Il s’agit donc de réunir les conditions qui donneront à ce patient les chances les plus grandes de guérison ou d’atténuation de sa souffrance. Le
« tout attendre » dont il est question ne saurait en aucun cas signifier une garantie de guérison dans la mesure où l’art est humble et la science
limitée.
Le législateur du 4 /03 /2002 (loi relative aux droits des patients et à la qualité du système de santé) définit l’obligation régalienne de moyens
dévolue au médecin comme la nécessité de délivrer « les soins les plus appropriés… au regard des connaissances médicales avérées... ».
Cela correspond à la définition jurisprudentielle des soins « consciencieux, attentifs et conformes aux données actuelles de la science. »
On ne sanctionne pas l’échec mais les conditions ayant conduit à celui-ci.
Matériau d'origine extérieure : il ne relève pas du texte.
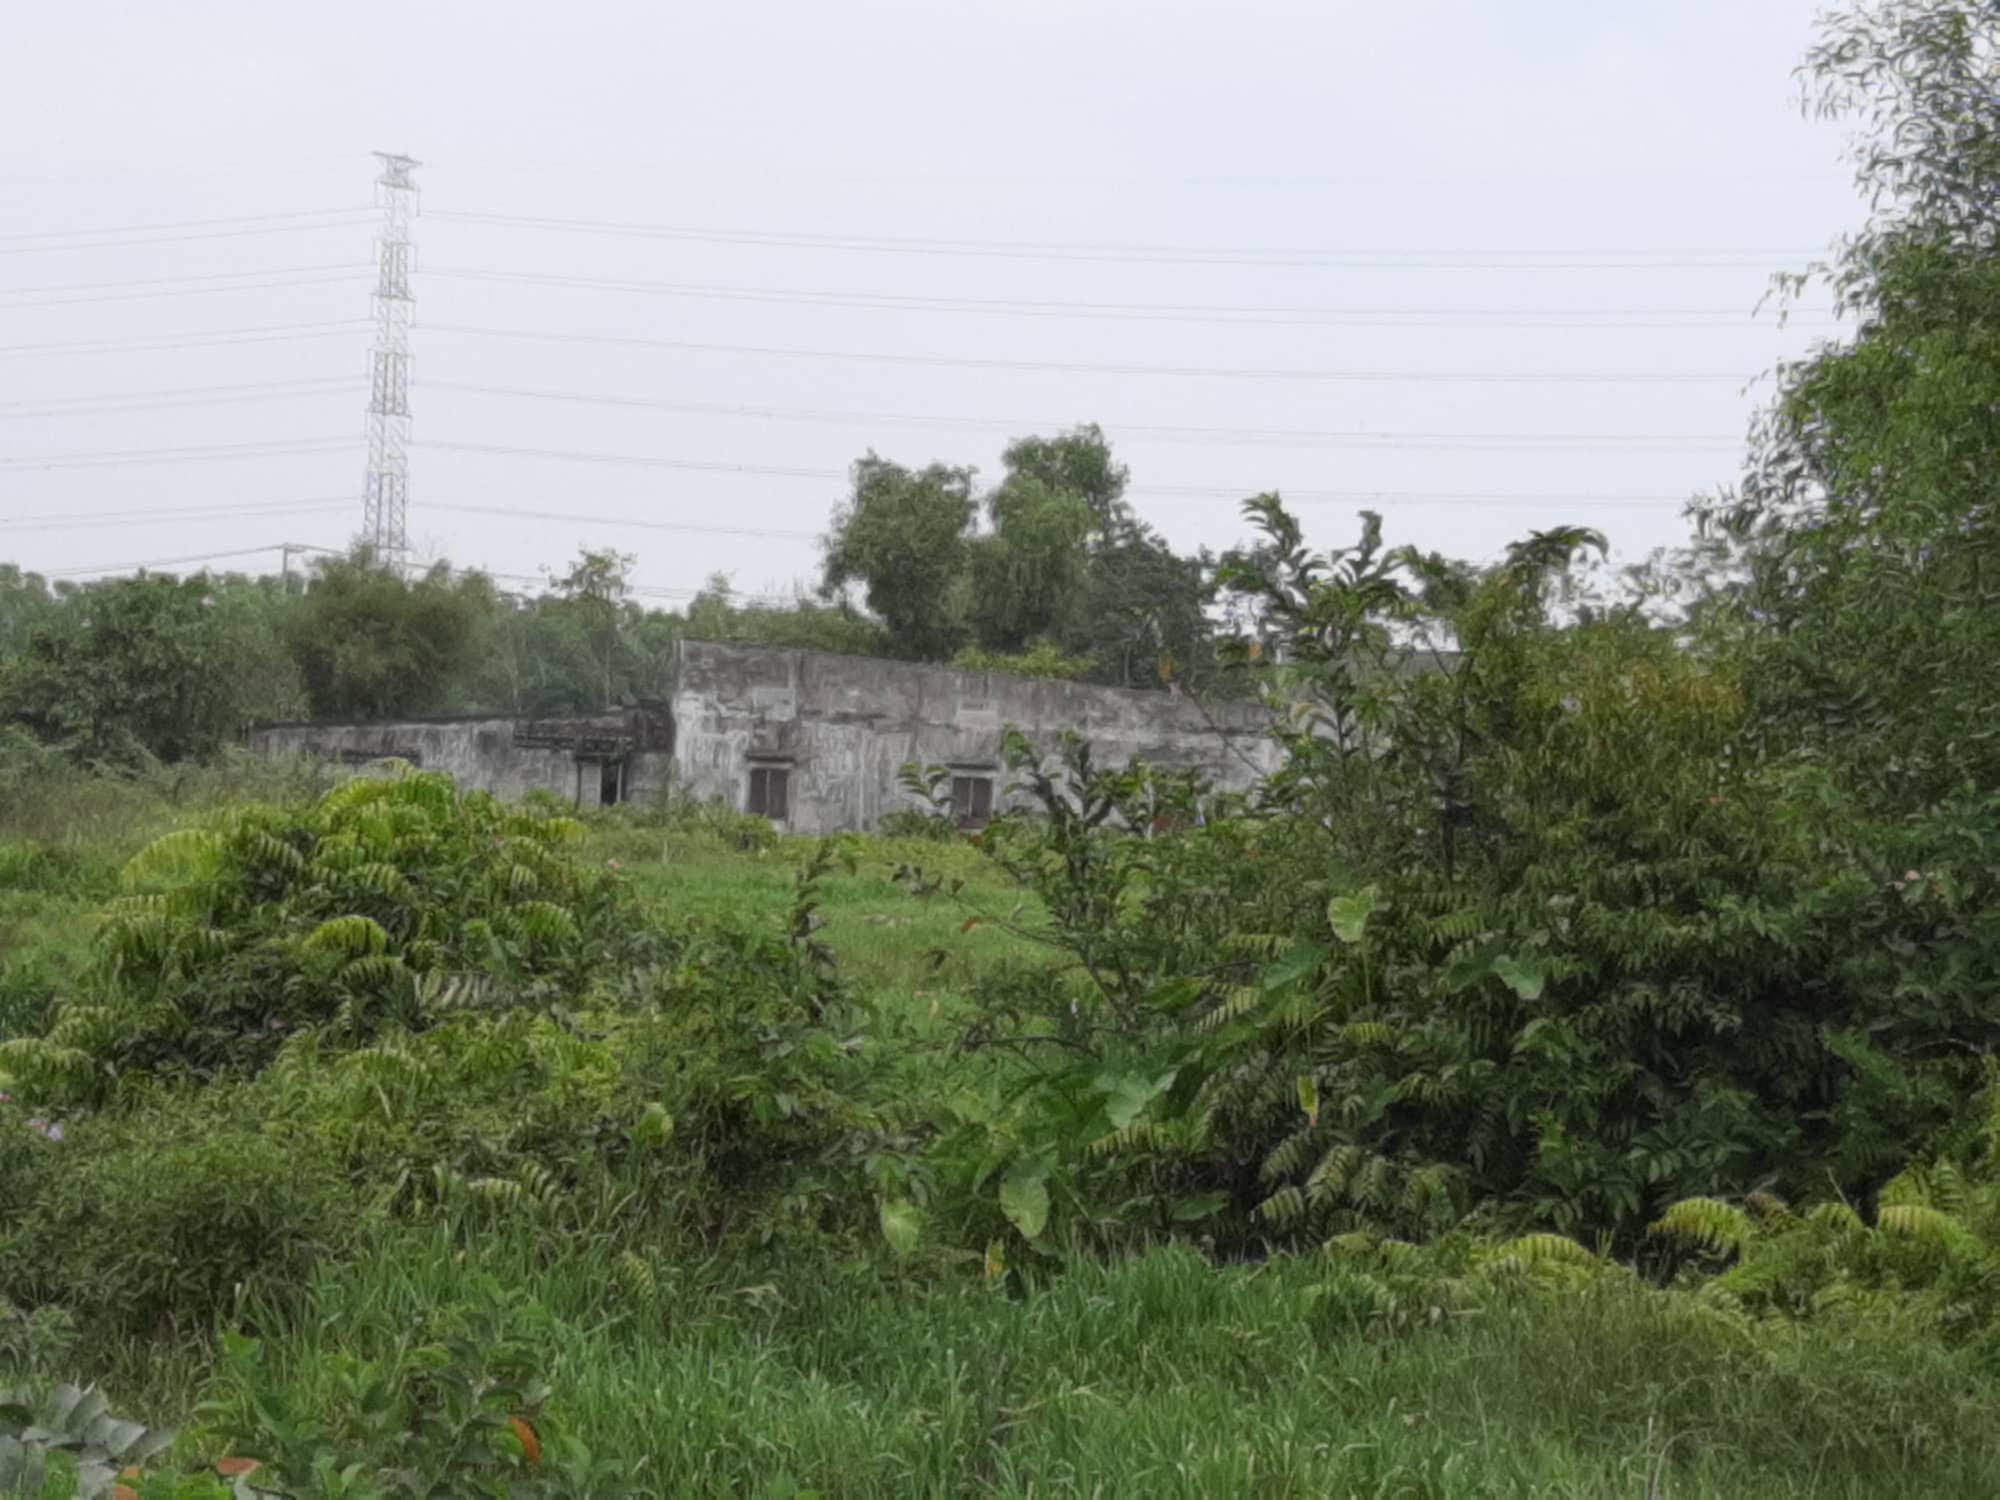 Cận cảnh căn nhà bỏ hoang nơi Tuấn Khỉ bị tiêu diệt - Ảnh 1.
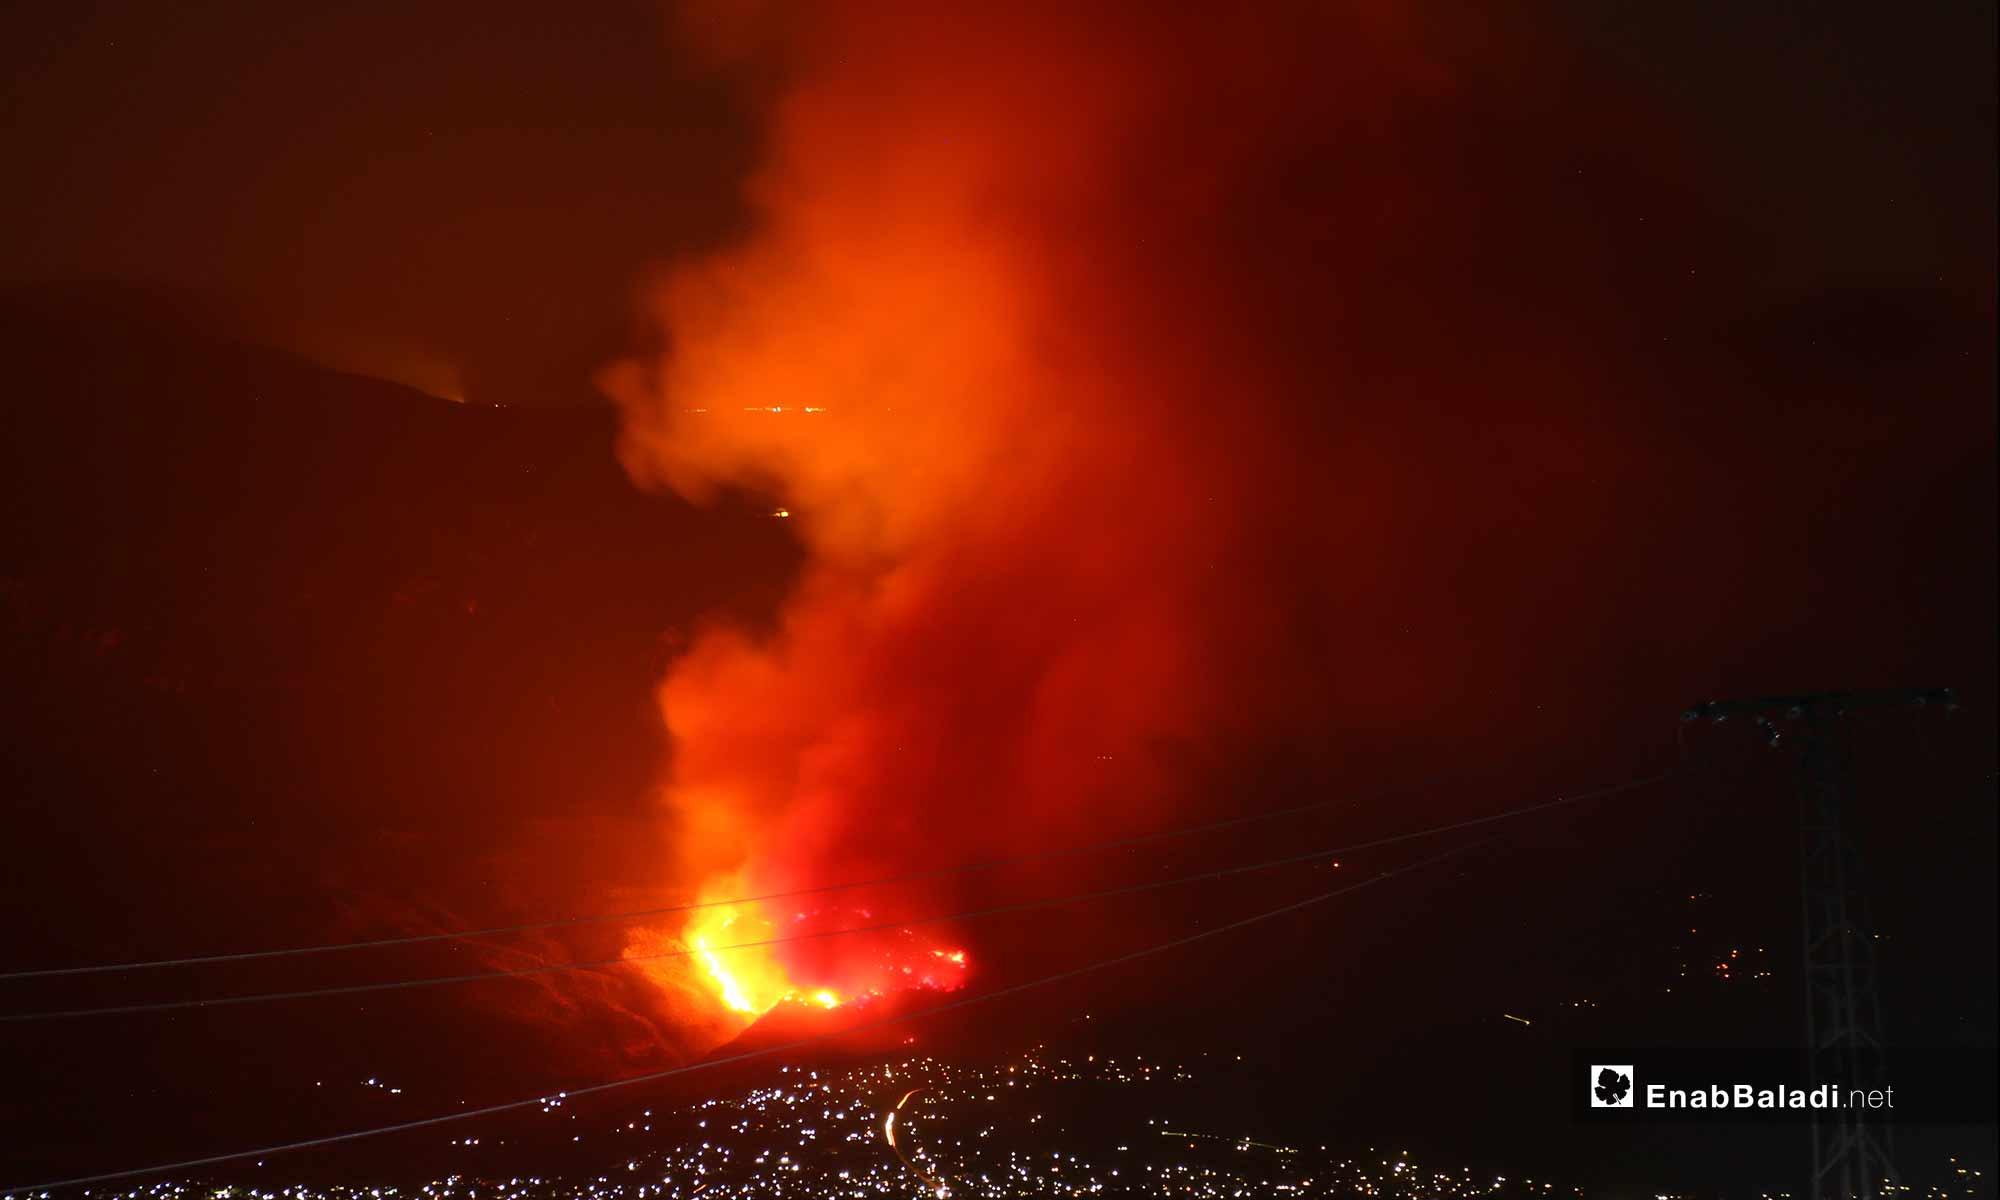 حريق في معسكر جورين بسهل الغاب غربي حماة إثر قصف لفصائل المعارضة - 5 أيلول 2018 (عنب بلدي)

Dans l’affaire qui nous occupe, l’échec est là, patent, lourd de
conséquences. Néanmoins pour les juges, il est le résultat d’une inconnue scientifique ; résultat inévitable en dépit du comportement
irréprochable du médecin.
Qui plus est, cette affaire touche à la psychiatrie, domaine où la pose d’un diagnostic peut s’avérer encore plus aléatoire que pour d’autres
spécialités tant la part d’inconnue propre au psychisme reste étendue, a fortiori face à une pathologie éminemment difficile à révéler.
L’arrêt rendu par la Cour de cassation se situe dans le prolongement des décisions antérieures en matière de distinction entre erreur et faute.
La stabilité de la jurisprudence en la matière crée les conditions d’une meilleure adhésion à ce fragile équilibre.